Third, this research mainly focuses on the impact of FinTech adoption on the greenwashing phenomenon yet fails to comprehensively explore the function of various FinTech categories. Although in this paper FinTech is considered as a general measure, and decomposing FinTech is not the objective of this study, it is necessary to investigate how different types of FinTech affect greenwashing in future research. A focus on one specific type of FinTech, or conducting comparative research on different types of FinTech, will contribute to a more comprehensive and nuanced understanding of the FinTech adoption–greenwashing relationship under exploration.
Biographies
Zhe Sun is Associate Professor at the Economics School, Jilin University. She holds a PhD in entrepreneurship and innovation from the University of Amsterdam and an MSc from Jilin University. Her research interests revolve around international entrepreneurship and specific-context innovation, with a focus on the innovation strategy of Chinese enterprises within and outside China. She has published in journals such as Technological Forecasting and Social Change, Research in International Business and Finance, Technological Analysis and Strategic Management and Chinese Management Studies.

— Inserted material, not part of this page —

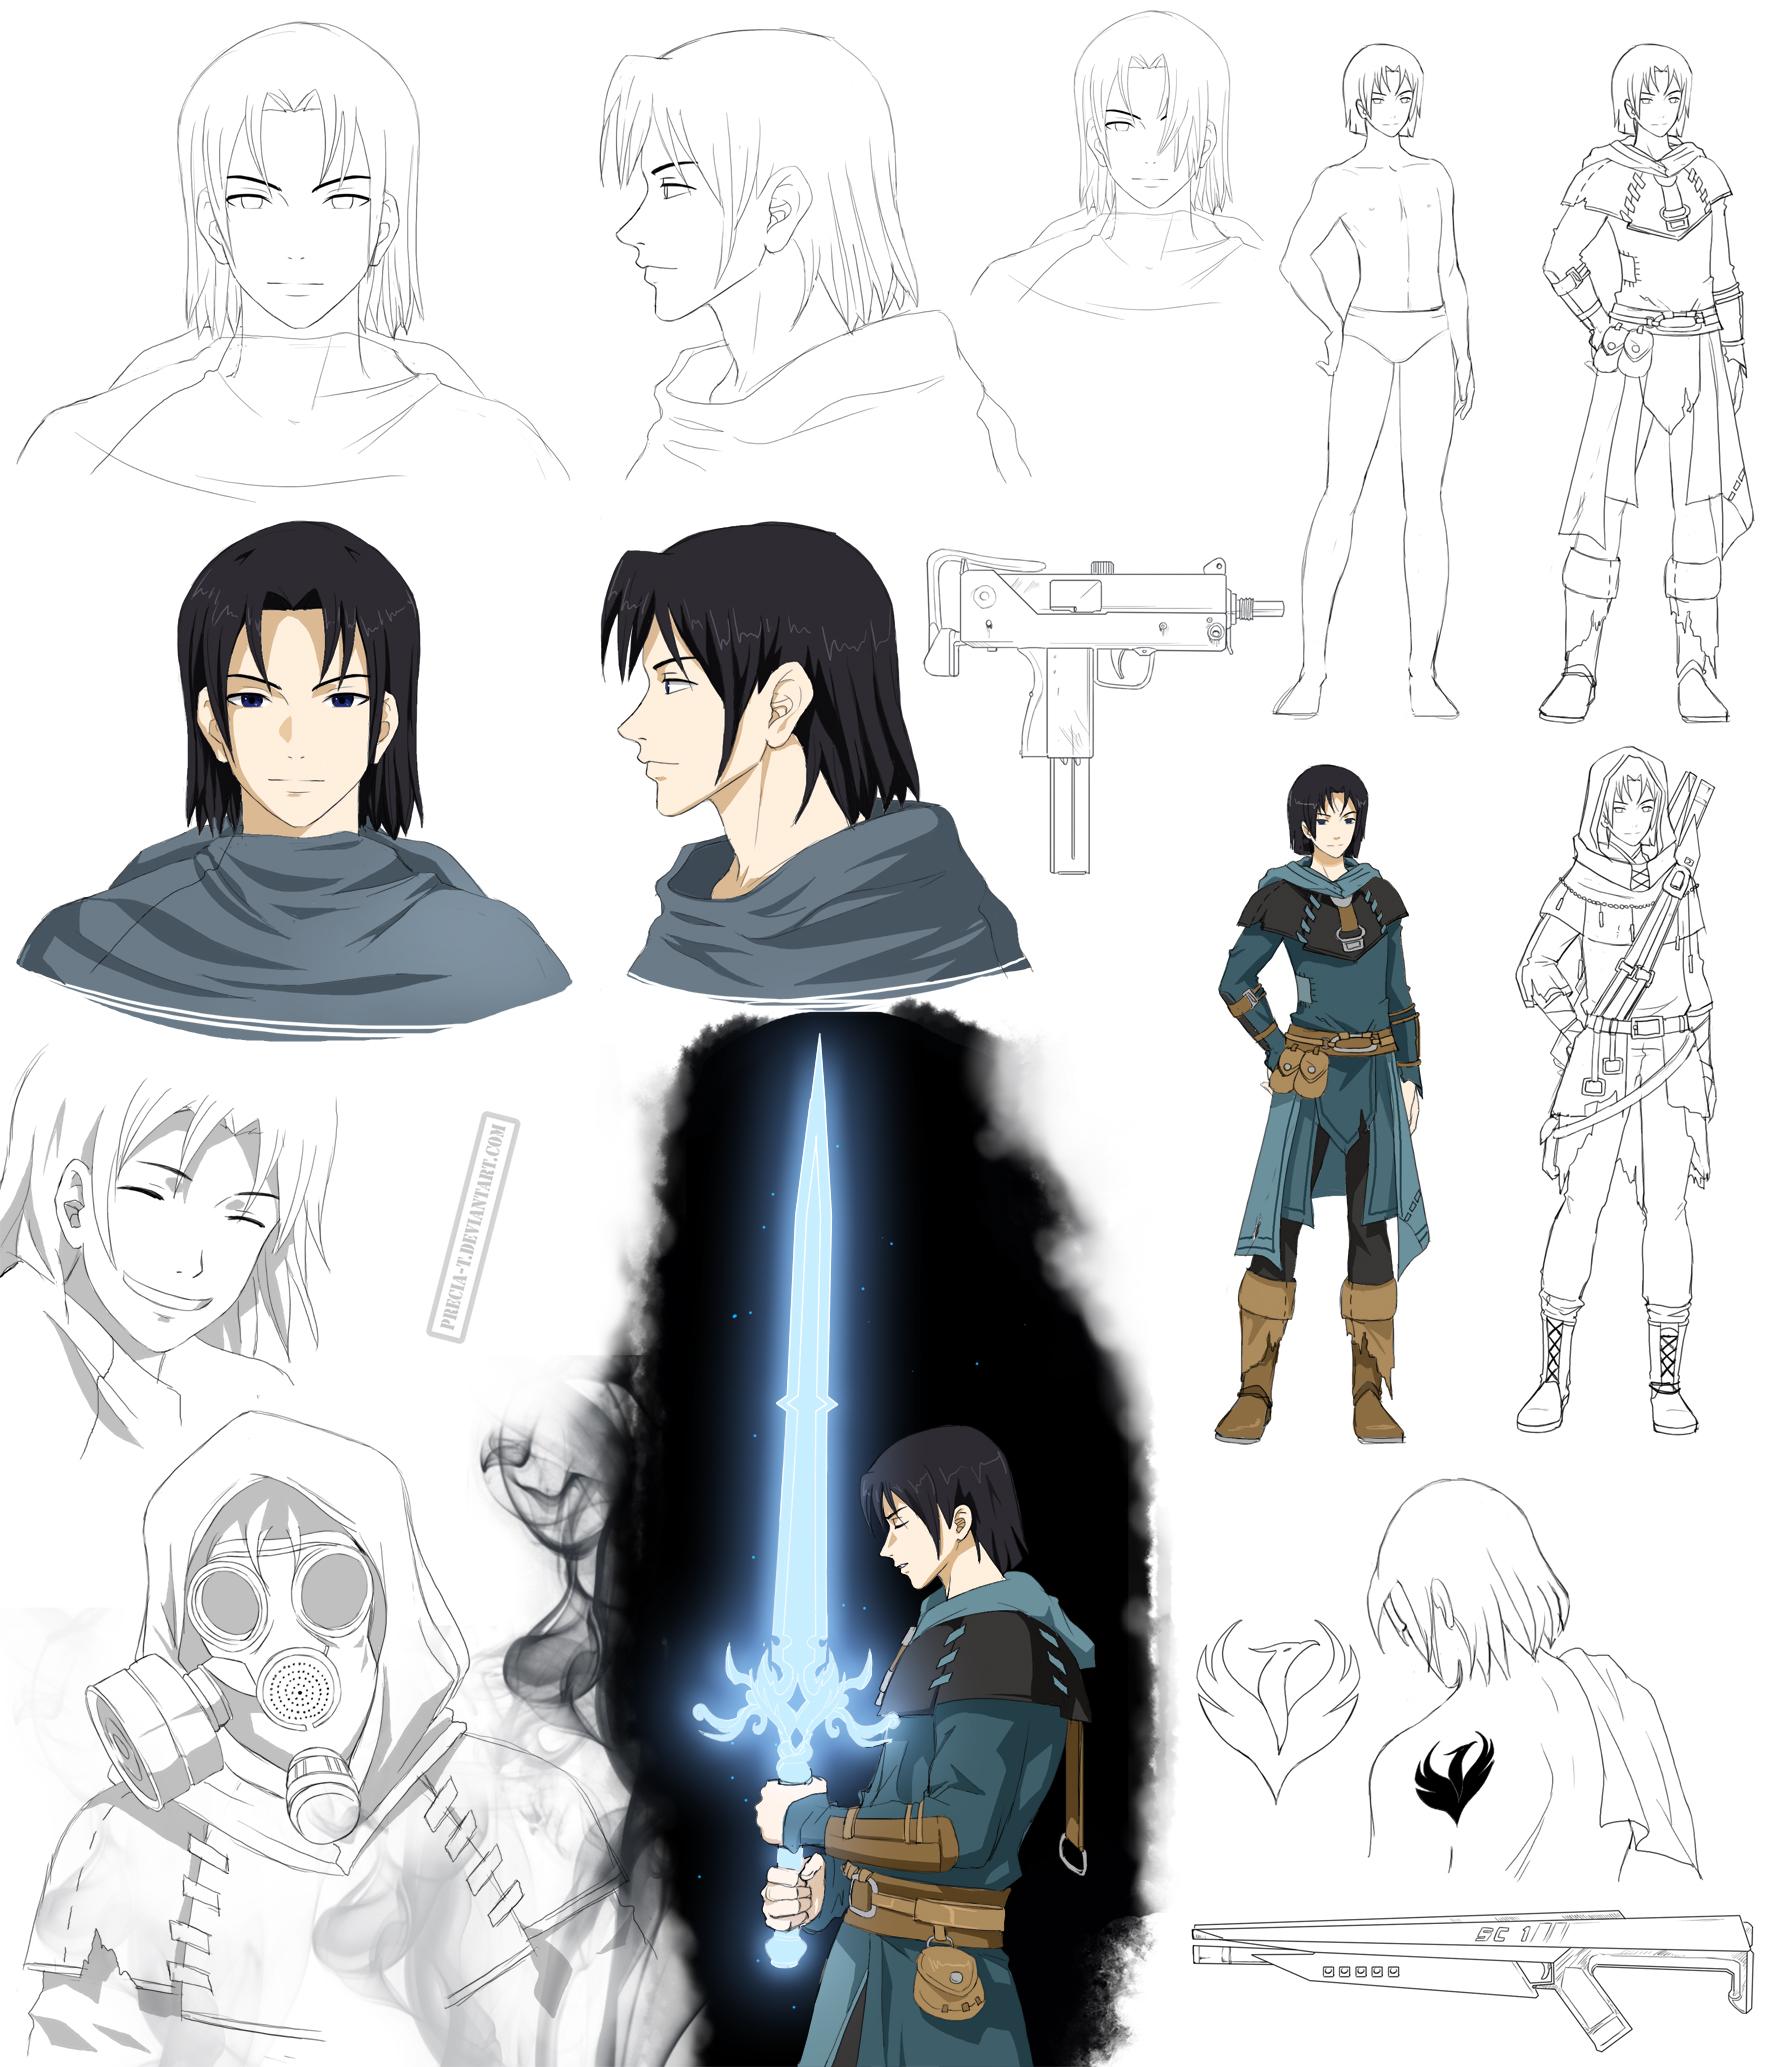 Deviantart Character Design Commission : Futuristic teen guy design max commission by precia t

Lei Liu is a PhD student at the Economics School, Jilin University. His research interests are green transformation of enterprises, organizational innovation and green supply chains.

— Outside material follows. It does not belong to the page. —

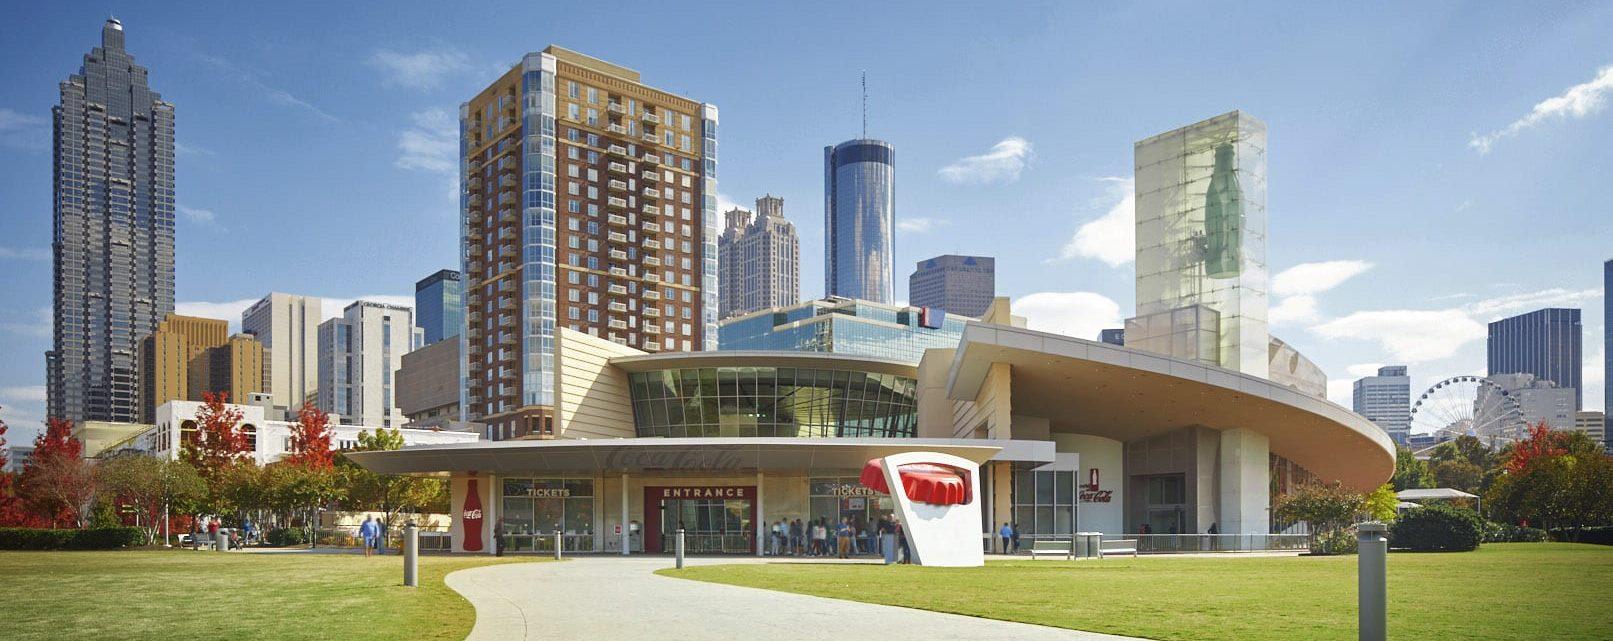 Popular Museums in Atlanta

Sofia Johan is Associate Professor of Finance at Florida Atlantic University, USA. She is also affiliated with InnoLab, University of Vaasa and the Tilburg Law and Economics Center (TILEC). Her research is focused on alternative finance (including but not limited to crowdfunding, peer-to-peer lending and cryptocurrencies) and alternative investments (including but not limited to hedge funds, venture capital, private equity, real estate investment trusts and initial public offerings).

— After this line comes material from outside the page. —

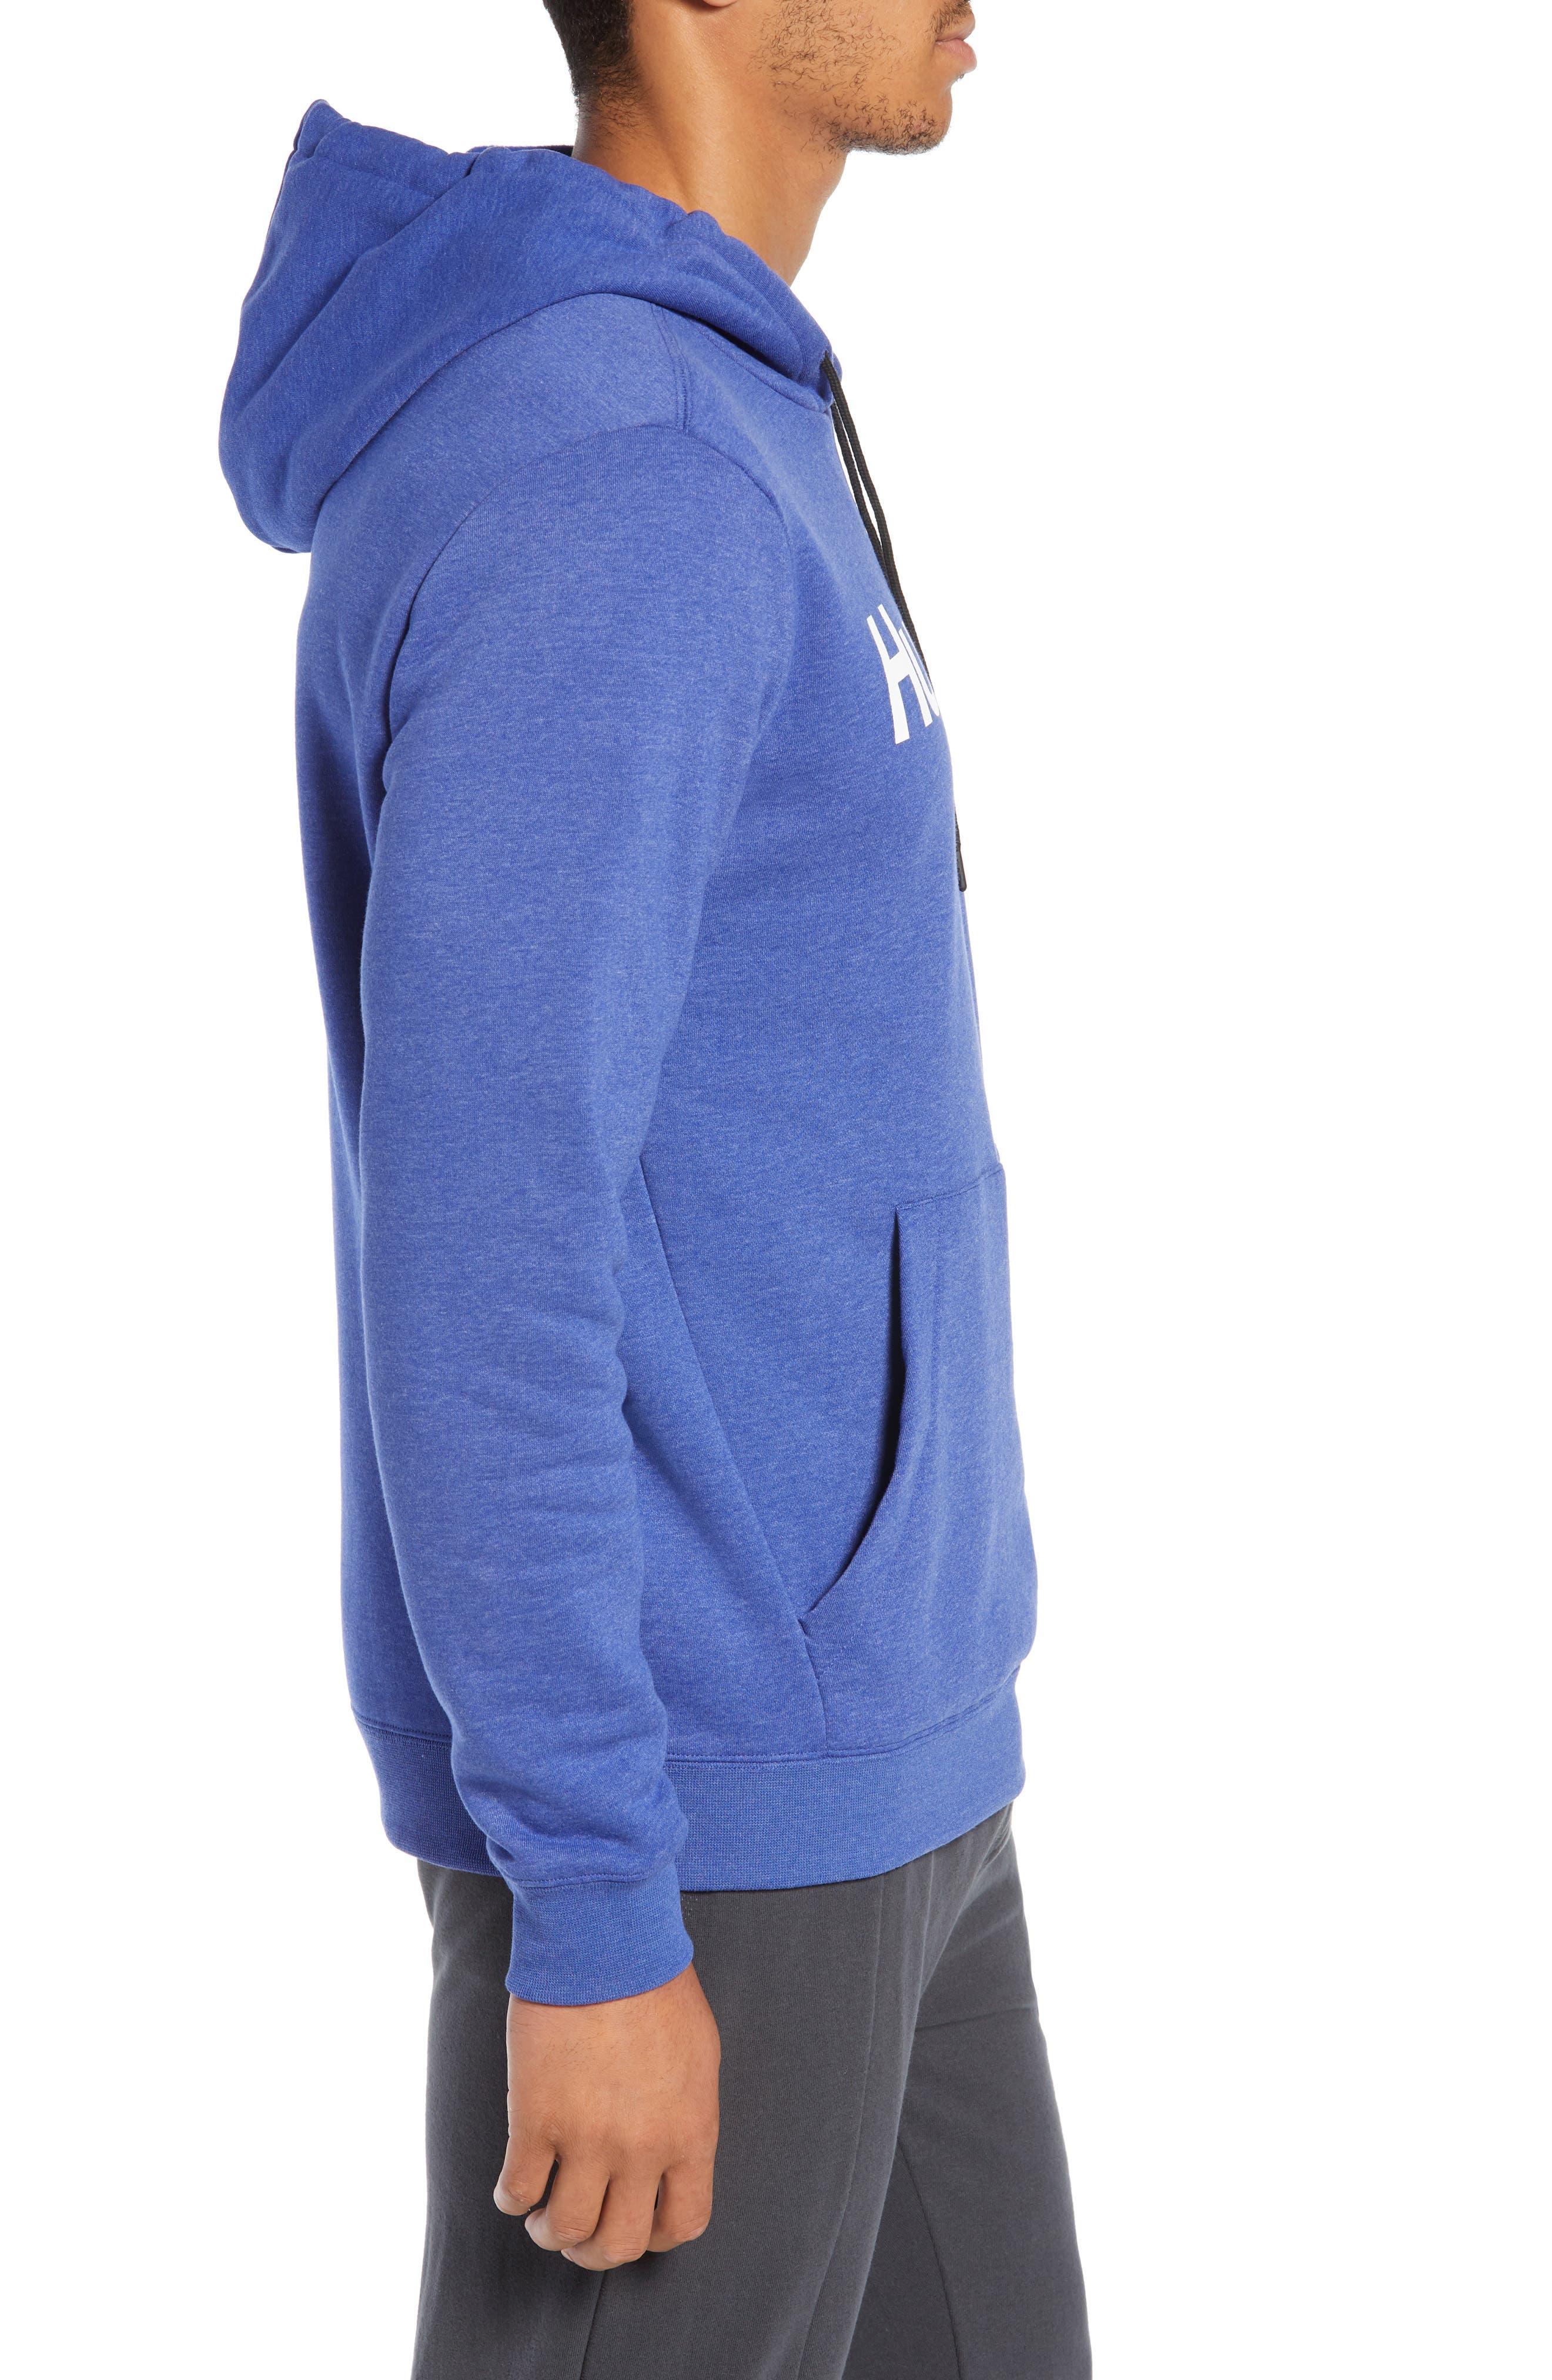 Surf Check Hoodie Sweatshirt,                             Alternate thumbnail 3, color,                             DEEP ROYAL HEATHER/ WHITE

Liang Zhao is Associate Professor in Entrepreneurship and Innovation at the Hunter Centre for Entrepreneurship, Strategy and Innovation, University of Strathclyde Business School, UK. He holds a PhD in entrepreneurship and innovation from the University of Amsterdam Business School. His research interests include entrepreneurial finance, innovation strategy, digital transformation and digital innovation, with special expertise in crowdfunding research. His research output includes journal articles, book chapters, edited books and industry reports.
References
- 1 Green debt and governance focuses on a firm's pollution emission status and the costs associated with pollution control measures; green effectiveness and benefits evaluates the outcomes of a firm's green governance efforts; green regulation and certification examines a firm's disclosure regarding its compliance with governmental green supervision and certifications related to green policies; and green management and construction assesses a firm's efforts in implementing green environmental protection measures.